O's scout mines diamonds in search of edge

May 22, 1994|By Peter Schmuck | Peter Schmuck,Sun Staff Writer

ANAHEIM, CALIF. — Anaheim, Calif.--The crowd at Anaheim Stadium is surprisingly sparse for a breezy, beautiful Southern California evening, but Orioles scout Deacon Jones is wedged tightly into his seat, surrounded by the tools of a largely unknown and unappreciated trade.

There is a radar gun sitting temporarily idle at his feet. Next to it a briefcase bulging with half-finished pitching and hitting charts. He is balancing a clipboard on his lap, trying to work while everyone around him is at leisure.

Welcome to the wonderful world of advance scouting. The nights are long and the road trip never ends, but Jones goes about his tedious routine with the enthusiasm of a true believer.

"If I were going to go to battle with you," he says between pitches, "I would want to know as much about you as possible."

This is baseball's version of Spy vs. Spy. Almost every major-league team has an advance scout, shadowing the competition a few days ahead of each series. On this April night, Jones is charting the California Angels, but he soon will move on to Seattle to scout the Mariners, then pick up the Oakland Athletics in Boston.

He is looking for tendencies -- patterns that can dictate how a pitcher, a hitter or even a manager may react in certain situations. He also is looking for giveaways -- unconscious movements or unprotected signs that may telegraph a prearranged play, such as a pickoff move or a stolen-base attempt.

"I'm looking for anything that might give my manager an edge," he says.

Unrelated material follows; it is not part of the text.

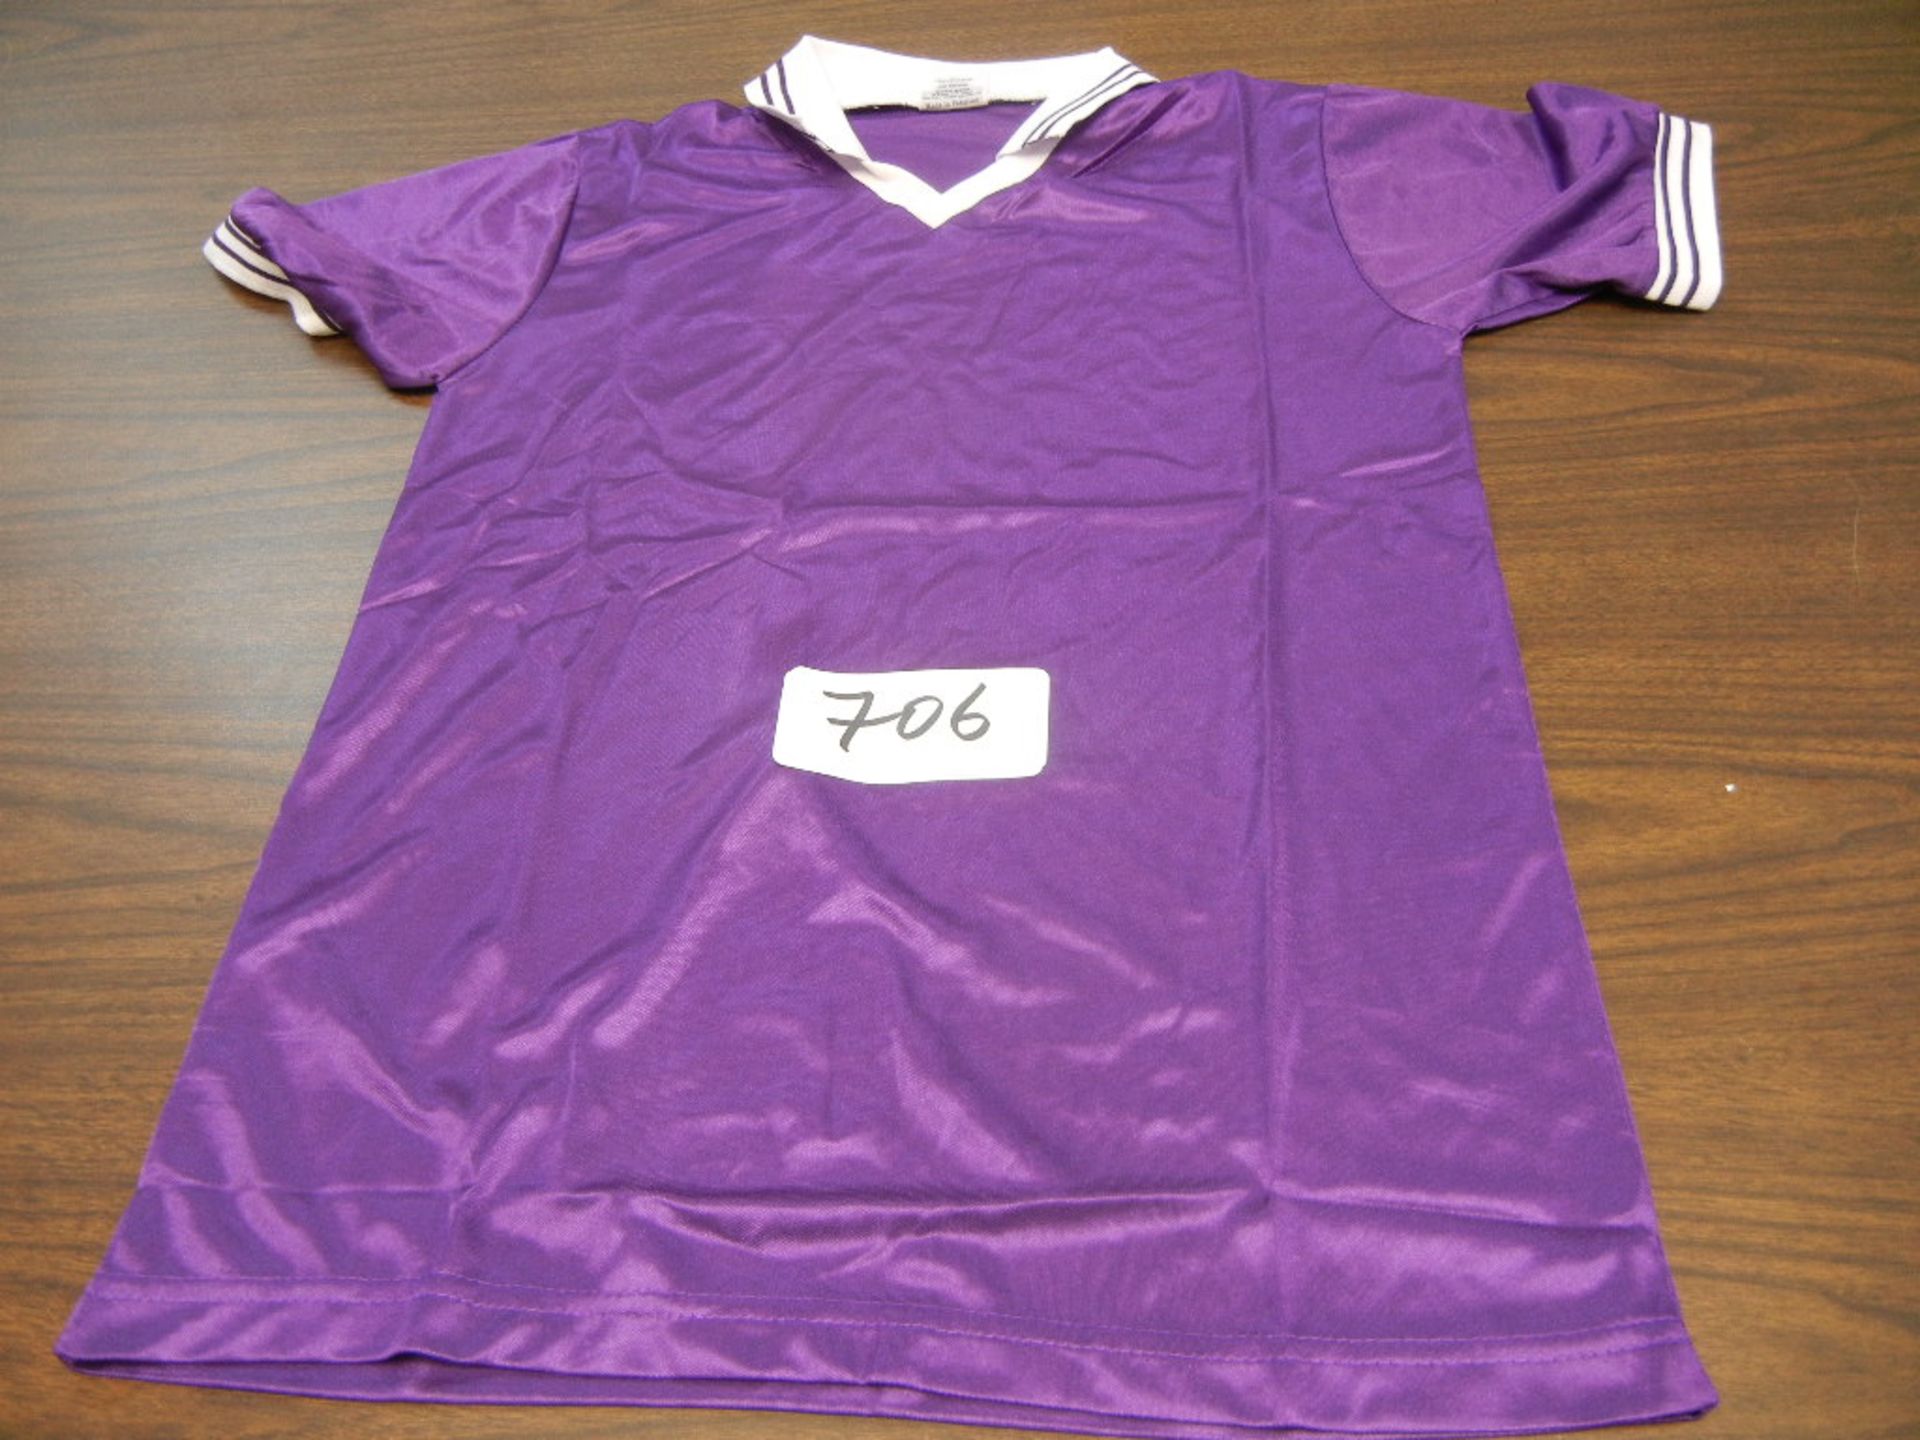 Youth Soccer Jersey 100% Polyester Hi-Sheen V-Neck, 1/4 Sleeves, Knit Collar VKM# Y696

Manager Johnny Oates is a stickler for preparation. He reads the reports religiously and periodically spends time on the phone with Jones reviewing the information.

"I think, over the long haul, what I'm looking for are tendencies of opposing players and managers," Oates says. "We have a pretty good idea of the guys who have been around, so he's concentrating on pitchers we don't know much about and hitters we don't know much about, as well as changes that [established] players have made."

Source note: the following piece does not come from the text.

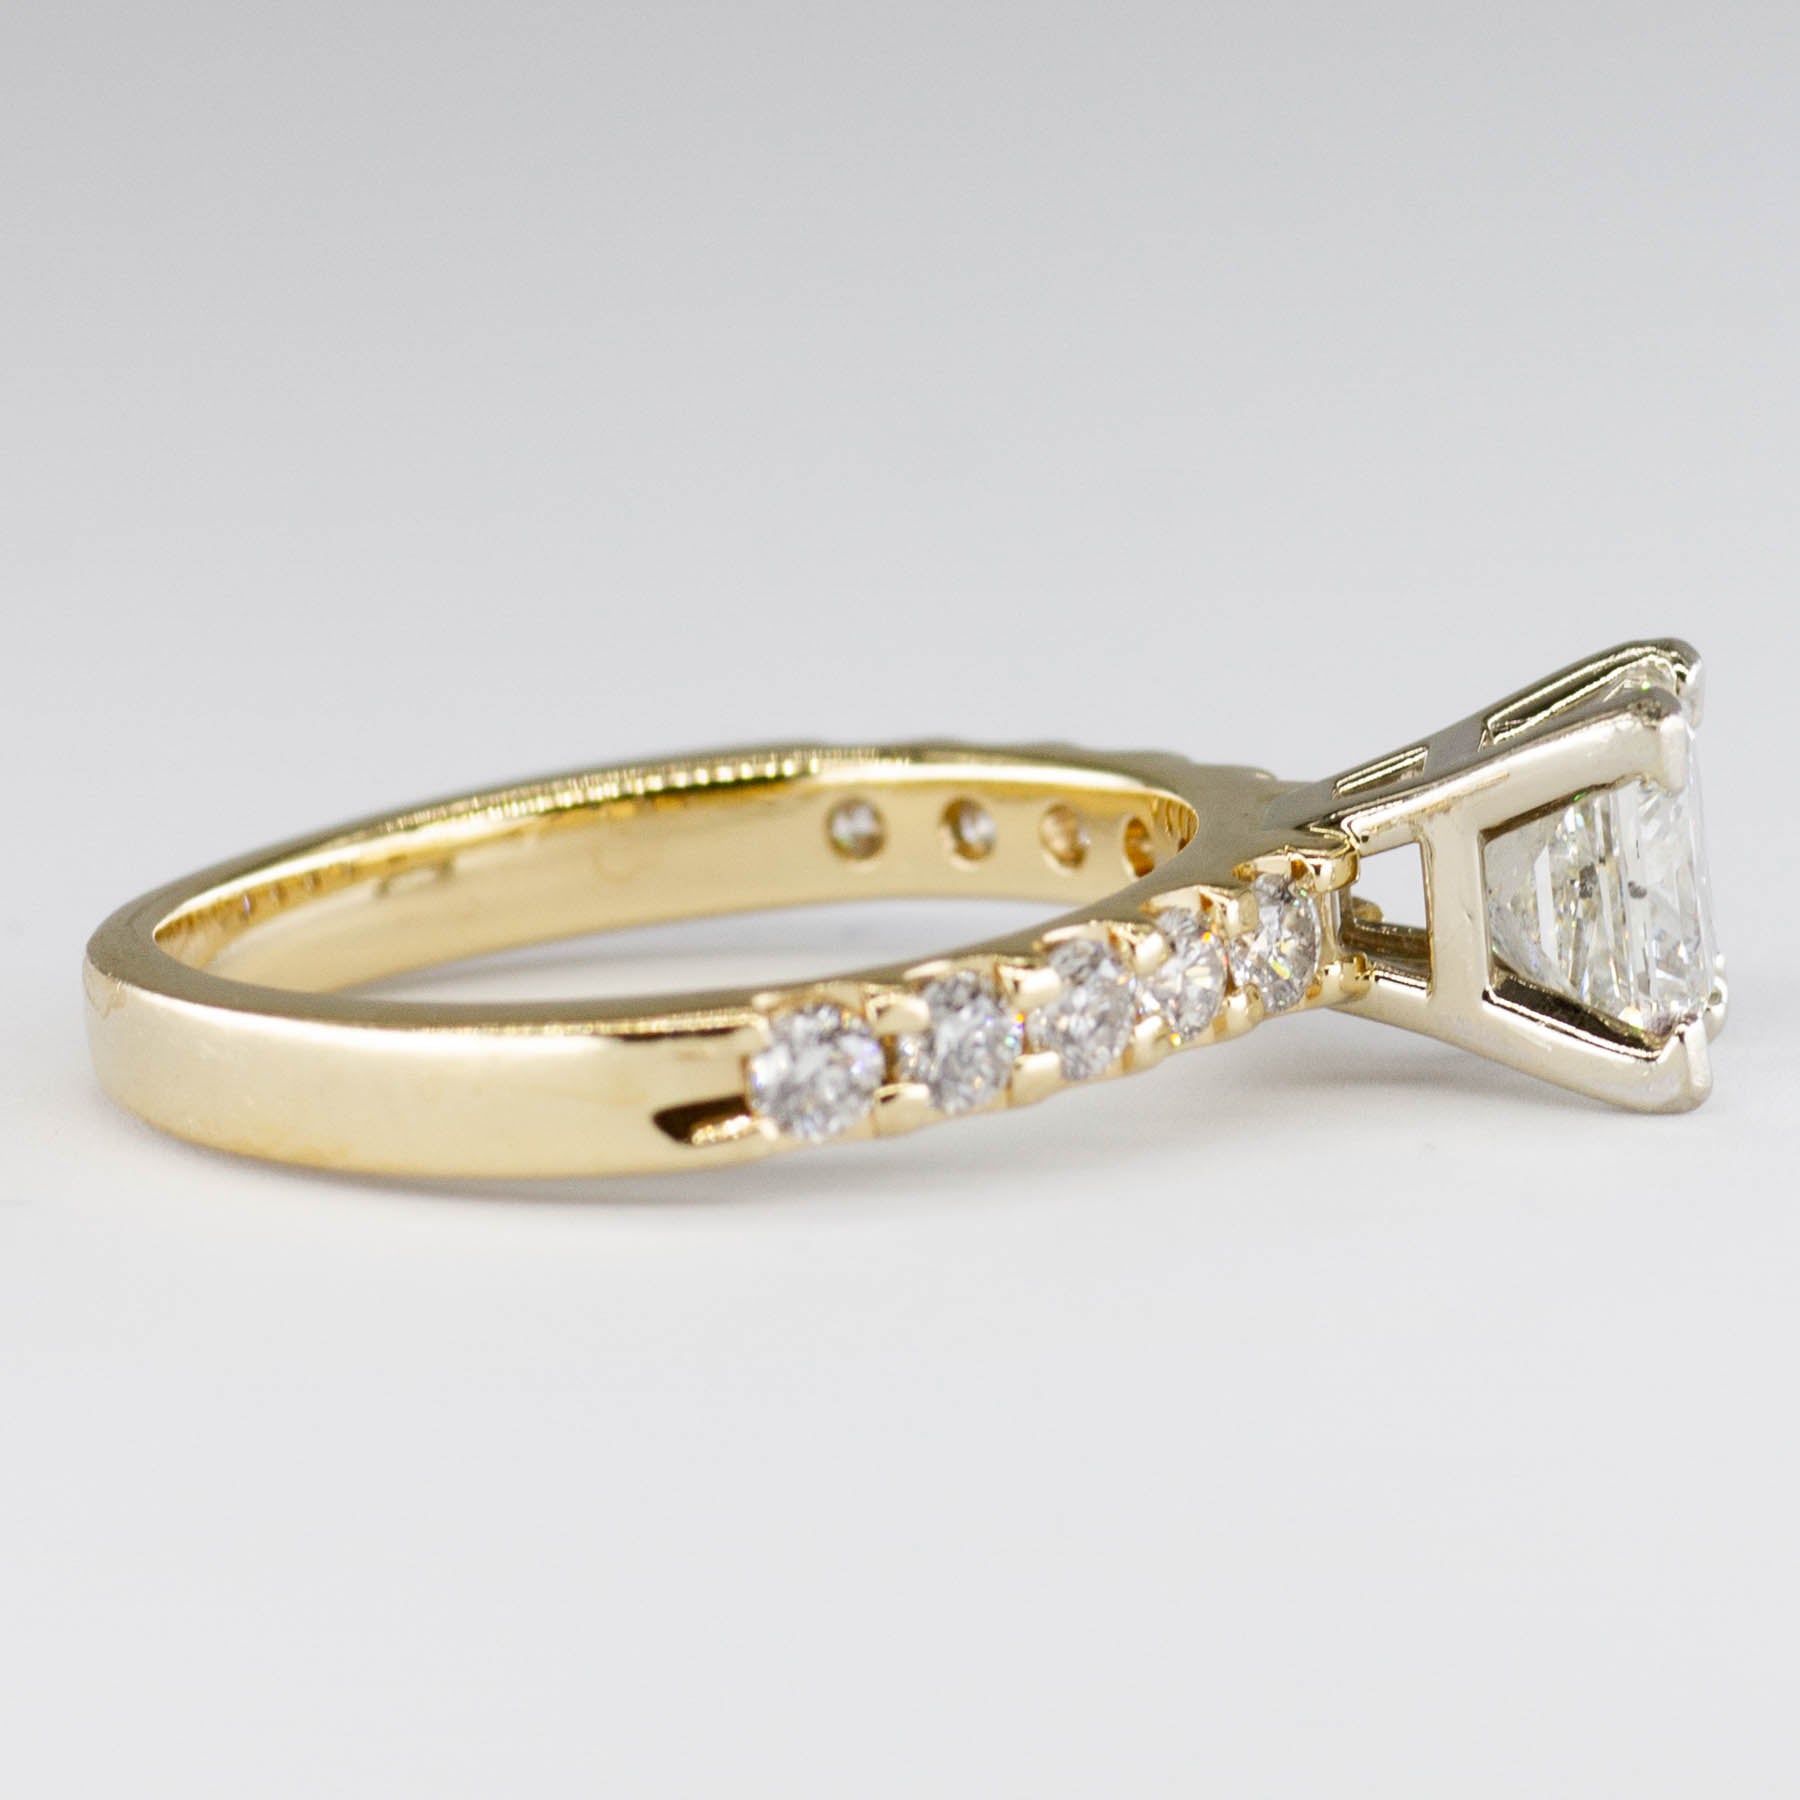 14k Solitaire Princess Cut Diamond Engagement Ring with Accents | 1.49ctw | SZ 5.75 |

Jones logs every pitch on an individual chart that enables him to specify the type and location of the pitch as well as the count in which it was thrown. The hitting chart includes spaces for each at-bat and a field diagram where Jones can log the direction of each batted ball.

If that sounds complicated, it is just half the battle. He also watches for the positioning of the defense for each batter and listens to the local broadcast of the game to pick up other information that might be helpful.

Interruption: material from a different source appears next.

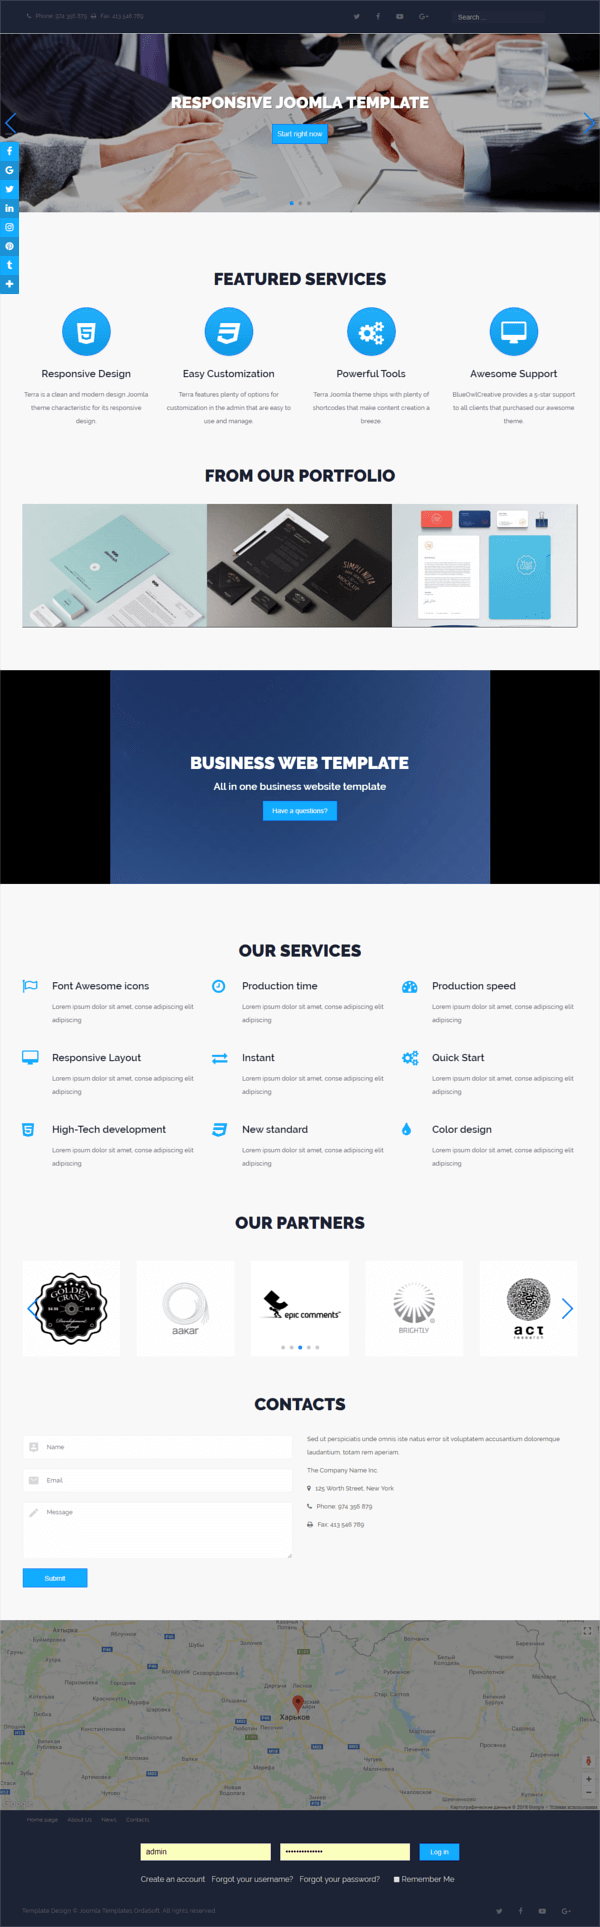 Rapture, Joomla business template for create business website, full screen

Somehow, he manages to do all of it and still produce meticulously neat charts that include color-coded entries and surprisingly in-depth instant analysis.

"I stay very motivated, because Johnny uses this stuff," Jones says. "He is very organized, and he gives me good feedback. That keeps me motivated. People ask me how I can do so much, but it doesn't bother me. I feel like I'm contributing."

This was not always standard operating procedure. The history of everyday advanced scouting apparently dates only to the early 1950s, when the Brooklyn Dodgers began sending an advance man to the Polo Grounds or to Philadelphia to scout the teams that were on their way to Ebbets Field.

Former Dodgers executive Al Campanis claims some credit for the concept, which he said sprang from a conversation in 1950 with then-general manager Buzzie Bavasi.

"I had played football at NYU in between baseball seasons, and after that I coached the backfield at City College," Campanis remembers. "I told Buzzie that on Saturdays I used to advance scout the opposition. You go and see the team you're going to play and come back and give a report on how to play them.

"I said, 'Why don't we do that in baseball?' He looked at me and said, 'Do you think you could do it?' In those days, there were only seven other teams, and you could see them by going 10 miles to the Polo Grounds or driving two hours to Philadelphia."

Bavasi gave the go-ahead, and a new system of scouting was born. The Dodgers began covering the rest of the league regularly and -- perhaps not coincidentally -- had tremendous on-field success during the 1950s and '60s.

"Before that, everybody just went out and played the game," Bavasi says. "They didn't pay any attention to that kind of thing. But we had 27 minor-league clubs. In order to support those clubs, we had to win."

It wasn't long before other teams began to catch on. The Chicago Cubs were the next club to use an advance scout, and it soon became a common practice to send a scout to spy on the competition.

There are only a few teams that don't regularly do advance work now. The Montreal Expos pulled their advance scout off the road a few years ago to save money, and Detroit Tigers manager Sparky Anderson doesn't incorporate advance scouting information into his managerial strategy.